Is a Master Person Index (MPI) in conflict with the concepts of a dimensional structure?

View previous topic View next topic Go down

Is a Master Person Index (MPI) in conflict with the concepts of a dimensional structure?

Post  pzajkowski on Tue Jul 13, 2010 10:34 am

I recently read an interesting discussion within the Kimball forums about "Dealing with Duplicate Dimension Rows" wherein a regularly active participant of these forums, ngalemmo, made a couple of statements that shed new light on the concepts of dimensional data warehousing that hadn't occurred to me.

Essentially, he states that the "most important thing is to realize that integration and reporting off a dimensional structure has nothing to do with keys and everything to do with attributes." (To my own credit, it was just the other day that I had come to the same conclusion when I discovered that my colleagues were writing SQL queries with embedded dimensional keys rather than the attributes - yikes!)

But, it's a subsequent statement that ngalemmo made that has forced me to re-assess my assumptions about dimensional models: "do not rely on pre-process consolidation, but rather maintain the identity of the row to its source systems." This statement forced me to realize that I'd been assuming that for a given entity in a dimension, only one key should be "current" for that given entity. So, what does this mean about using a Master Person Index (MPI) - aka Enterprise Person Index (EPI) - which often functions by consolidating data to form a new unique identifier that crosswalks to the original source system identifiers.

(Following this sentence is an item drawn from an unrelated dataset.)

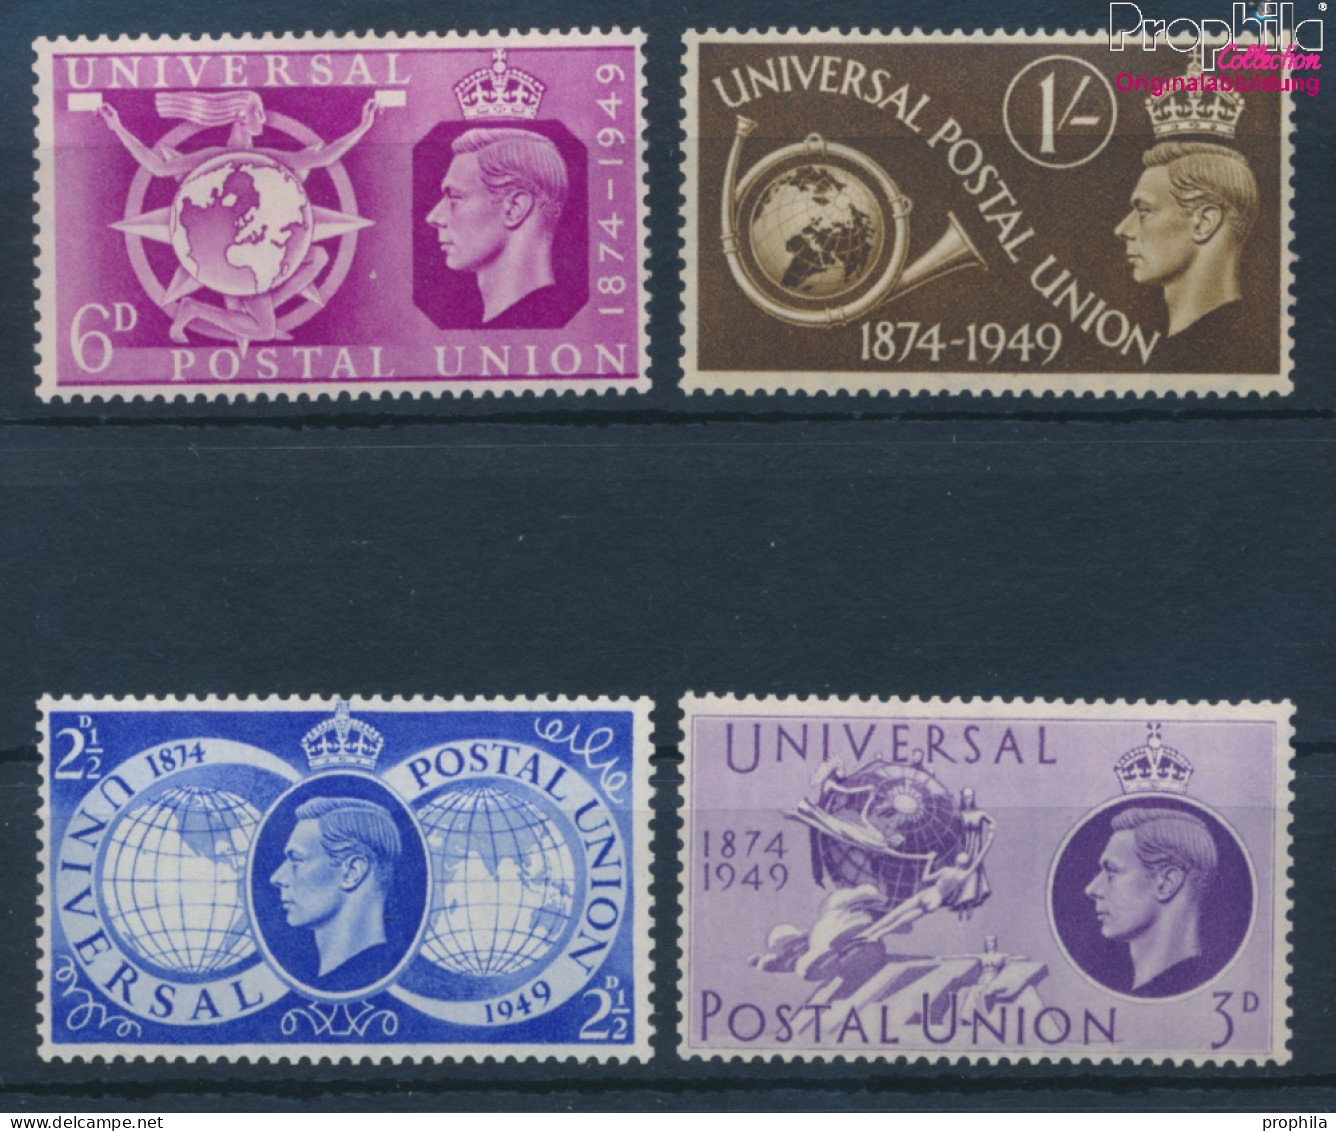 Großbritannien 241-244 (kompl.Ausg.) Postfrisch 1949 75 Jahre UPU (10398203 - Neufs

I work with healthcare data where we rely heavily on patient identification between a vast array of data sources. This MPI for patients won't be going away since it's tied to an outside vendor that assists in the production of our healthcare portal. Nonetheless, I'm wondering if an MPI goes against the grain of a dimensional structure?

One other thing. If a best practice approach to populating/maintaining a dimension is to ensure that each source system key has its own dimensional key, and that reporting off of such a structure is dependent on attributes, doesn't a process still need to be in place that will "clean up" the attributes so that an appropriate set of dimensional rows are accessed? For example, if a customer from two different source systems is the same person, but with different spellings of the lastname (McDonald vs Mc Donald), wouldn't a process need to exist to ensure the lastname attribute is the same so that the two rows in Dim_Customer are leveraged if needing to query/report on all activities of this specific customer?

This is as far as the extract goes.